Model 2 was adjusted for variables in model 1 and BMI.

Sensitive analysis was conducted by excluding individuals with hypertension and heart-related diseases.

Unlike male adults, a 1·6- to 2·3-fold higher risk was found in females aged ≥35 years with the consumption of excessive (>36 g/d) added sugar from soda in Model 1. When controlling for potential confounders in Model 1 and BMI, middle age females (35–49 years old) who consumed excessive (>36 g/d) added sugar from soda had an estimated 2·3-fold increased risk of having hyperuricaemia (95 %CI 1·2, 4·3). A 2·0-higher risk of hyperuricaemia development was observed in older females (≥50 years old) who consumed medium amounts (1–36 g/d) of added sugar from soda (95 % CI = 1·2, 4·3). In addition to young females (<35 years old), overweight and obesity status were both significantly associated with hyperuricaemia development.

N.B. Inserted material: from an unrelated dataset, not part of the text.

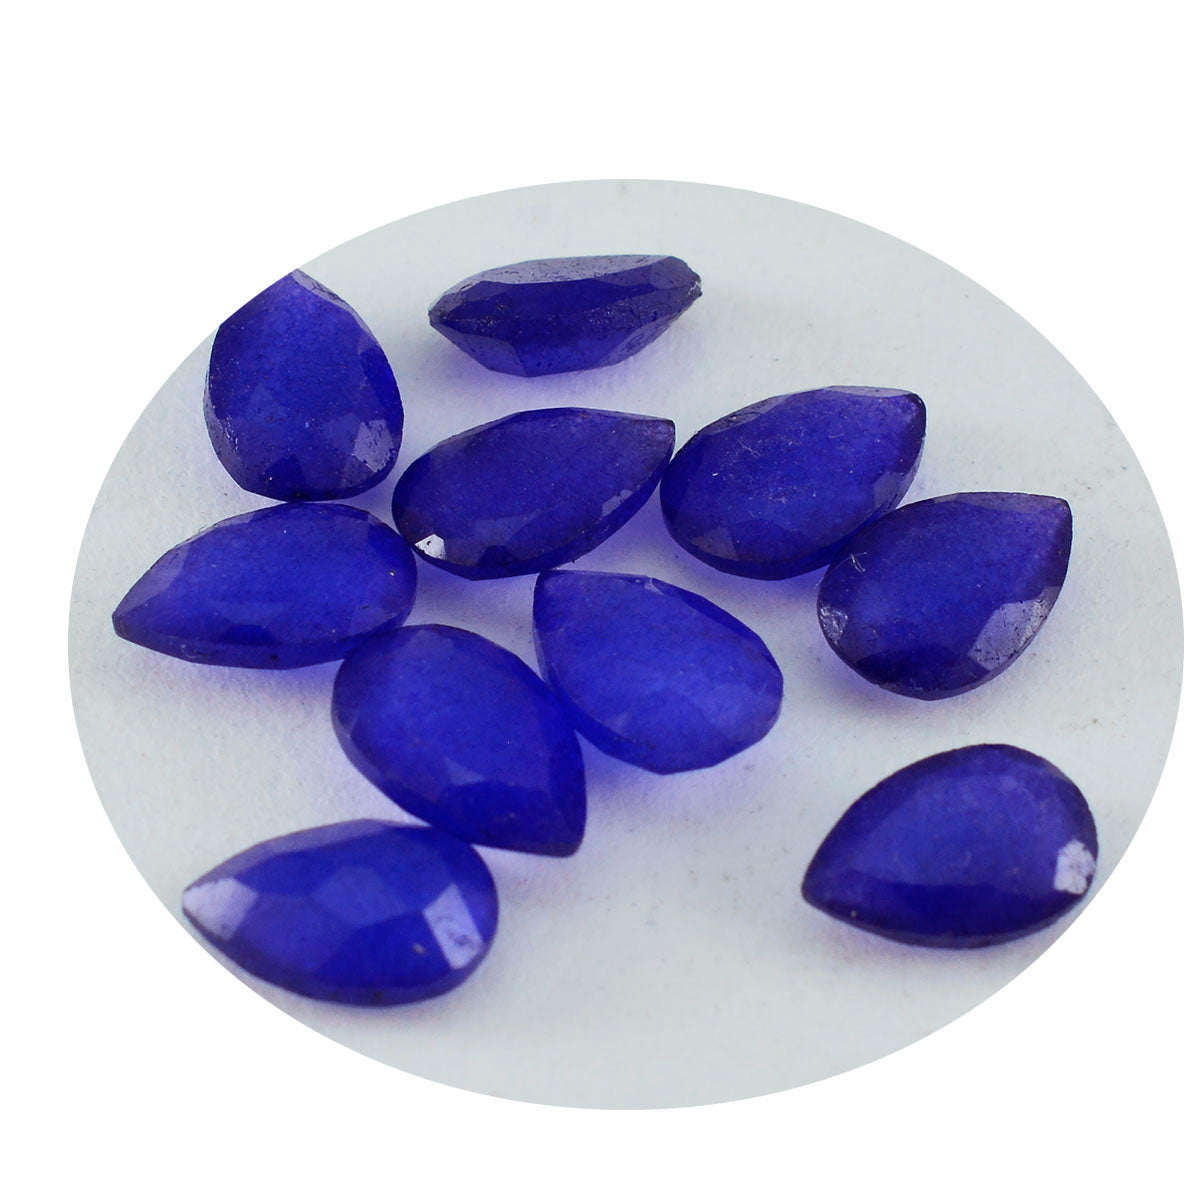 Riyogems 1 pieza jaspe azul Natural facetado 5x7mm forma de pera gemas de calidad encantadoras

Because added sugar intake and body adiposity were both observed to contribute to the risk of hyperuricaemia, the combined effects of added sugar consumption from soda and body adiposity on the development of hyperuricaemia among young, middle and older aged male adults are shown in Fig. 2, respectively. Compared with non-regular and regular soda consumers who were under/normal weight, excessive added sugar intake from soda was associated with a 3·4- and 7·0-times increased risk of having hyperuricaemia in young males who were overweight or obese (all P’s < 0·001). Non-regular/regular soda consumers with obesity were also observed to have a higher risk of hyperuricaemia development (aOR = 4·9, P < 0·001). A 6·3 to 29·9 times higher risk of hyperuricaemia risk was detected in middle age males with different statuses of added sugar intake from soda and body adiposity, when compared with non-regular/regular soda consumers. For older males, overweight and obesity status were observed to increase the risk of hyperuricaemia (aOR = 2·2 in overweight and aOR = 3·2 in obese males, P < 0·05).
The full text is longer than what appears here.